I have spent much of my career studying ways to blunt the effects of disinformation and help the public make sense of the complexities of politics and science. When my colleagues and I probed the relation between the consumption of misinformation and the embrace, or dismissal, of protective behaviors that will ultimately stop the coronavirus’s spread, the results were clear: Those who believe false ideas and conspiracy theories about COVID-19 and vaccines are less likely to engage in mask wearing, social distancing, hand washing and vaccination.
In the midst of a raging pandemic, the importance of science communication is indisputable. Mention “science communication,” though, and what comes to mind in this context are public service announcements touting the 3 Ws (Wear a mask, Watch your distance, Wash your hands) or the FAQ pages of the Centers for Disease Control and Prevention. Ask someone what “science communicator” evokes, and responses might include a family physician and experts such as Anthony S. Fauci, director of the National Institute of Allergy and Infectious Diseases, and CNN’s Sanjay Gupta, who appear so regularly on our screens that we think of them as friends. But Fauci isn’t on your family Zoom call when a cousin mistakenly asserts that the CDC has found that wearing a mask makes you more likely to get COVID-19. Nor is Gupta at the ready when your friend’s daughter wonders whether the COVID vaccine contains microchips designed to track us.
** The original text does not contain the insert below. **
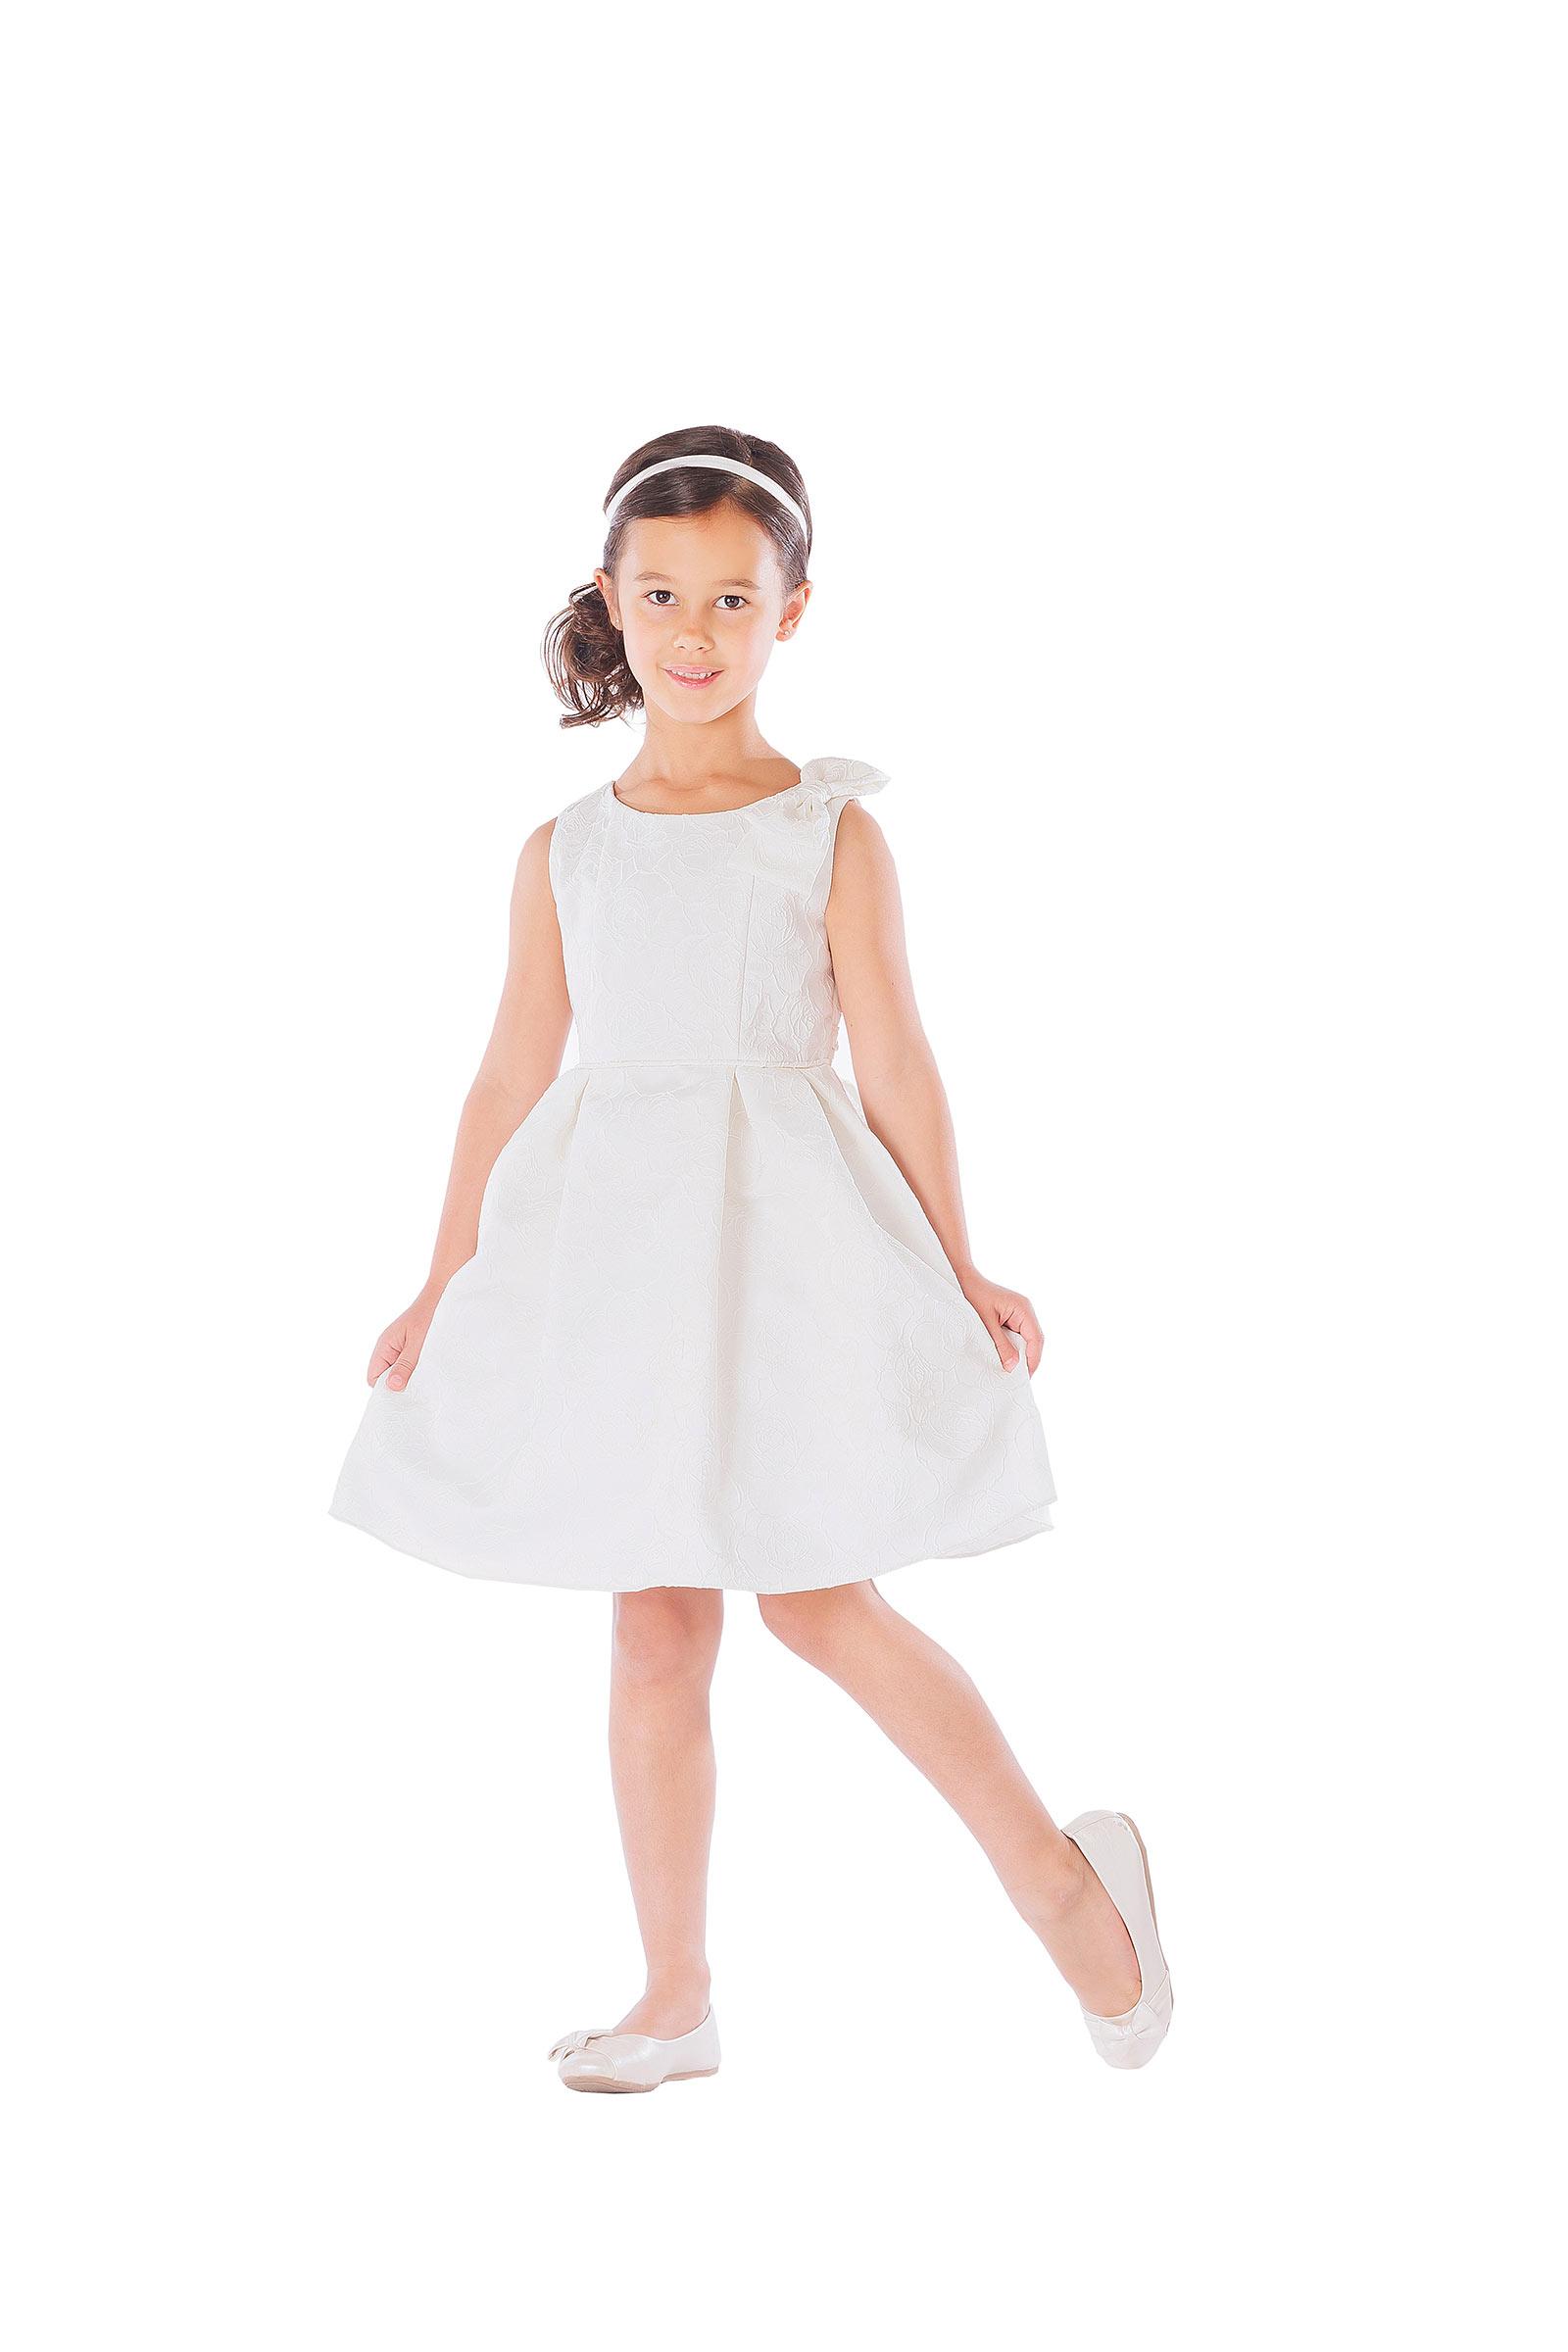 SK 554IV Flower Girl Dress Style 554 Rose Jacquard Dress with Shoulder Bow

It matters how we respond in these moments. As Cailin O’Connor and James Owen Weatherall wrote in this magazine in 2019, the “social transmission of knowledge is at the heart of culture and science.” In a large-scale online social network experiment conducted in 2018, Doug Guilbeault and Damon Centola, both then at the University of Pennsylvania’s Annenberg School for Communication, confirmed that power. When smokers and nonsmokers collaboratively evaluated antismoking messages, the smokers were more likely to acknowledge the harms of tobacco use than the smokers who evaluated the messages on their own.
Similarly Sally Chan and Dolores Albarracin of the University of Illinois at Urbana-Champaign and I found that the level of Twitter chatter from November 2018 through February 2019 about “vaccine fraud” in the counties of our roughly 3,000 panelists were associated with negative attitudes and lower rates of flu vaccination among them later in the year. But those worrisome effects did not occur among people who reported discussing vaccines with family and friends.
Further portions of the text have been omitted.